I removed the florescent lighting fixtures and tiles and replaced with 1/2 inch sheetrock and slim recessed led fixtures.

This bathroom is ultra bright now. So i have to figure out a way to darken the room a bit.


----------



## elie2wins (Jan 23, 2016)

heres a better view of the frame added to mirror


----------



## IslandGuy (Jan 30, 2014)

"My bathroom is too bright I must darken it?" That's a first...


----------



## elie2wins (Jan 23, 2016)

IslandGuy said:


> "My bathroom is too bright I must darken it?" That's a first...

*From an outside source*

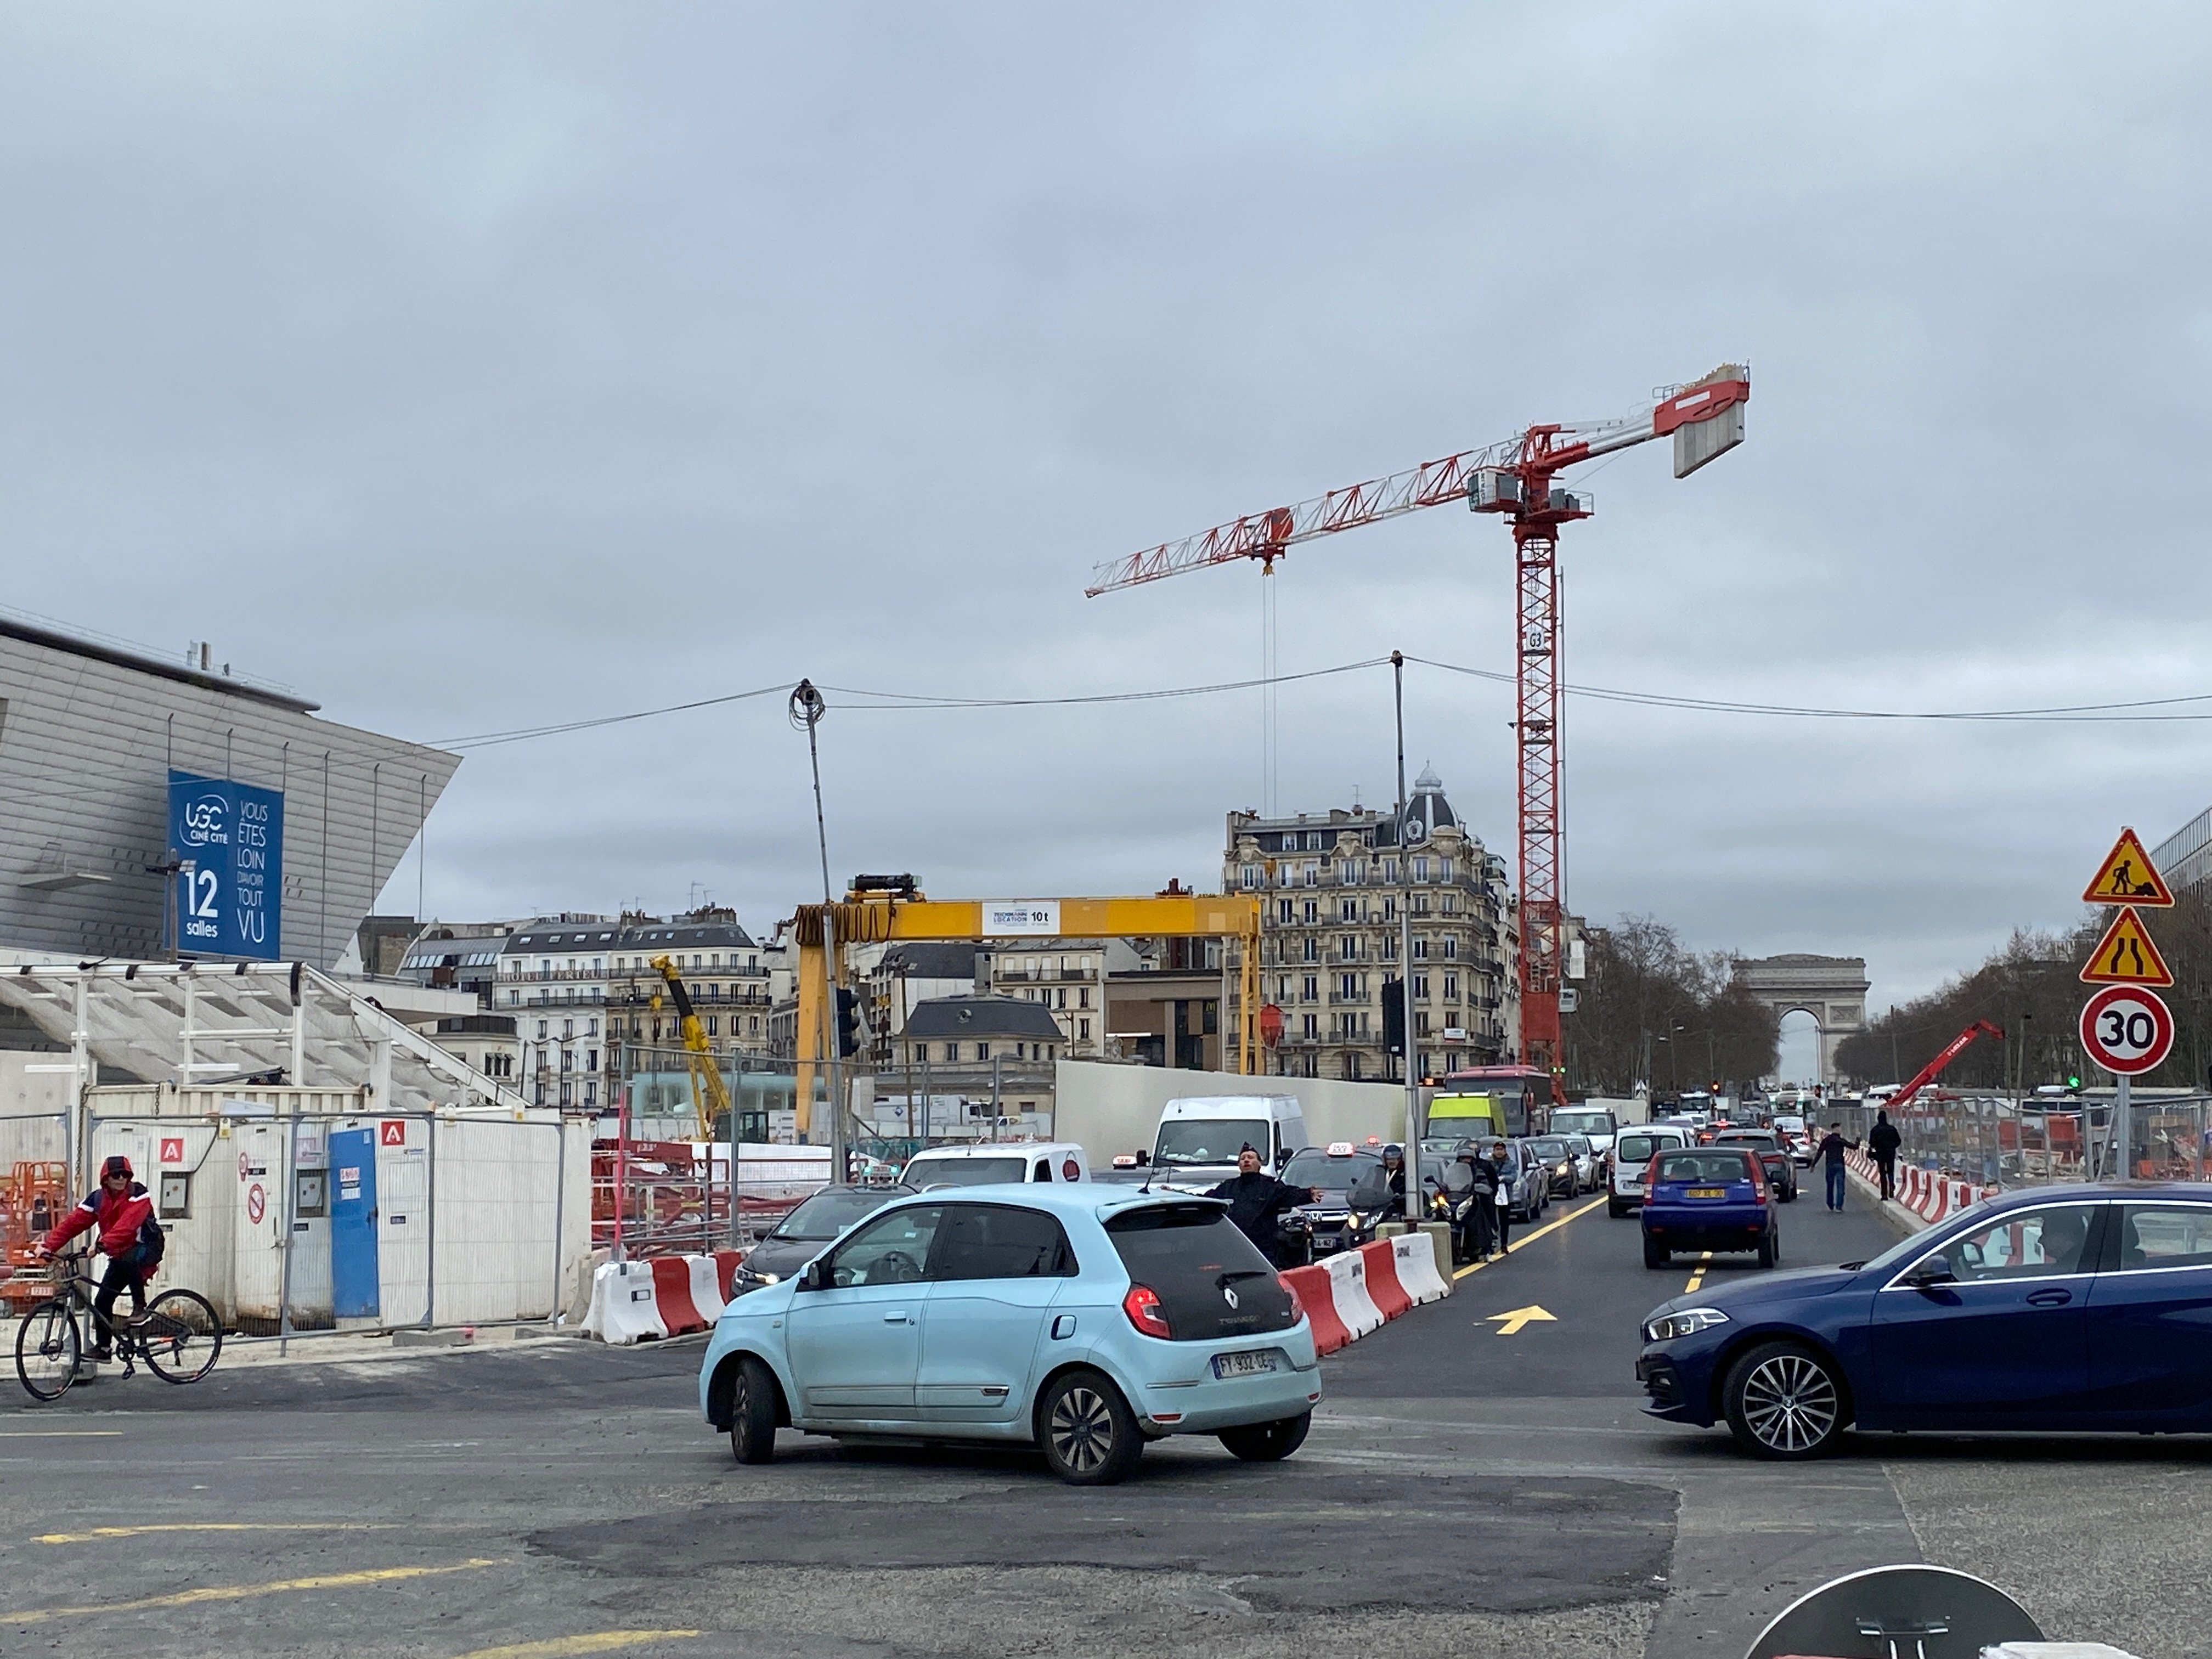 Paris (XVIe-XVIIe), le 17 février. La circulation a été rétablie en ligne droite au centre de la place Maillot, où le chantier Eole commence à libérer les emprises. LP/Sébastian Compagnon
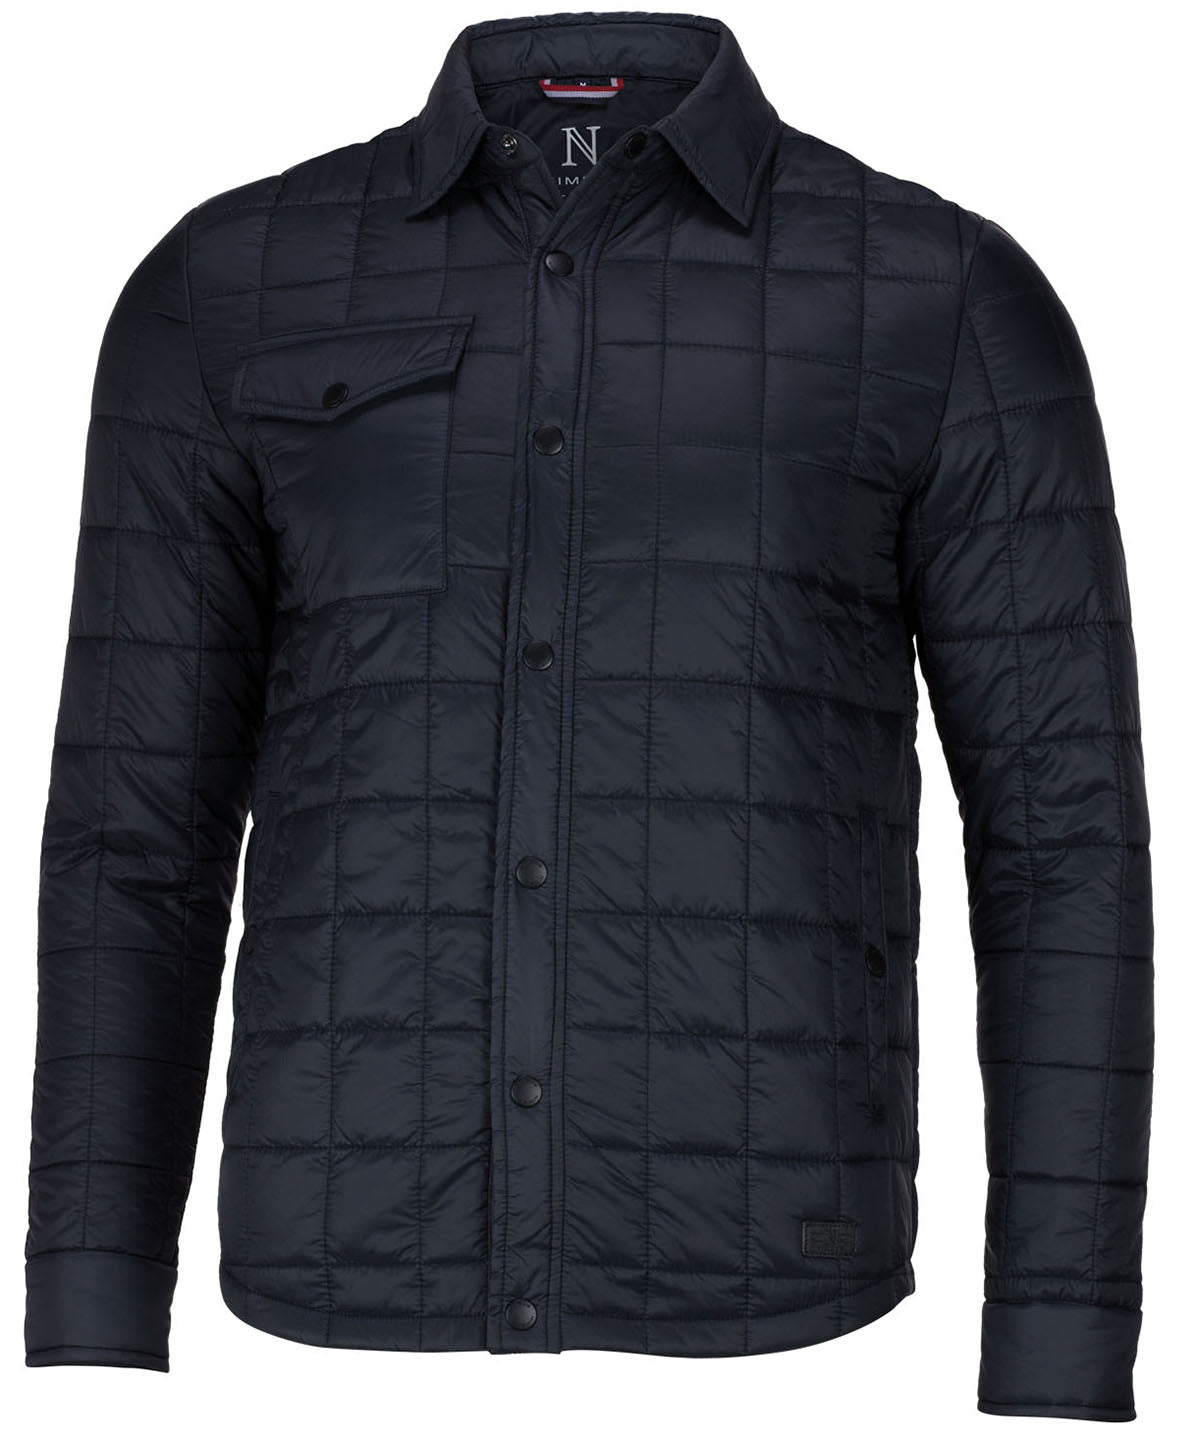 Jakkar - Brookhaven – Fashionable Crossover Jacket

Its a killer on the eyes when you initially turn them on. And compared to the lighting before, its hella bright, and combine that with highly reflective wall to wall tile :vs_sun:


----------



## ddawg16 (Aug 15, 2011)

See if you can replace the LED lamp with a lower wattage unit.

Are they dimmable bulbs?


----------



## IslandGuy (Jan 30, 2014)

I was going to suggest a dimmer until I noticed the switch/receptacle arrangement in the fully tiled wall...


----------



## elie2wins (Jan 23, 2016)

ddawg16 said:


> See if you can replace the LED lamp with a lower wattage unit.
> 
> Are they dimmable bulbs?


these particular lights arent but there is a dimmable version. I could send these back for a set of 6w's


----------



## elie2wins (Jan 23, 2016)

IslandGuy said:


> I was going to suggest a dimmer until I noticed the switch/receptacle arrangement in the fully tiled wall...


yea this was my low cost bathroom remodel. We just moved in and hated the this bathroom so much. I had to do something now, but a full gut job will come soon enough


----------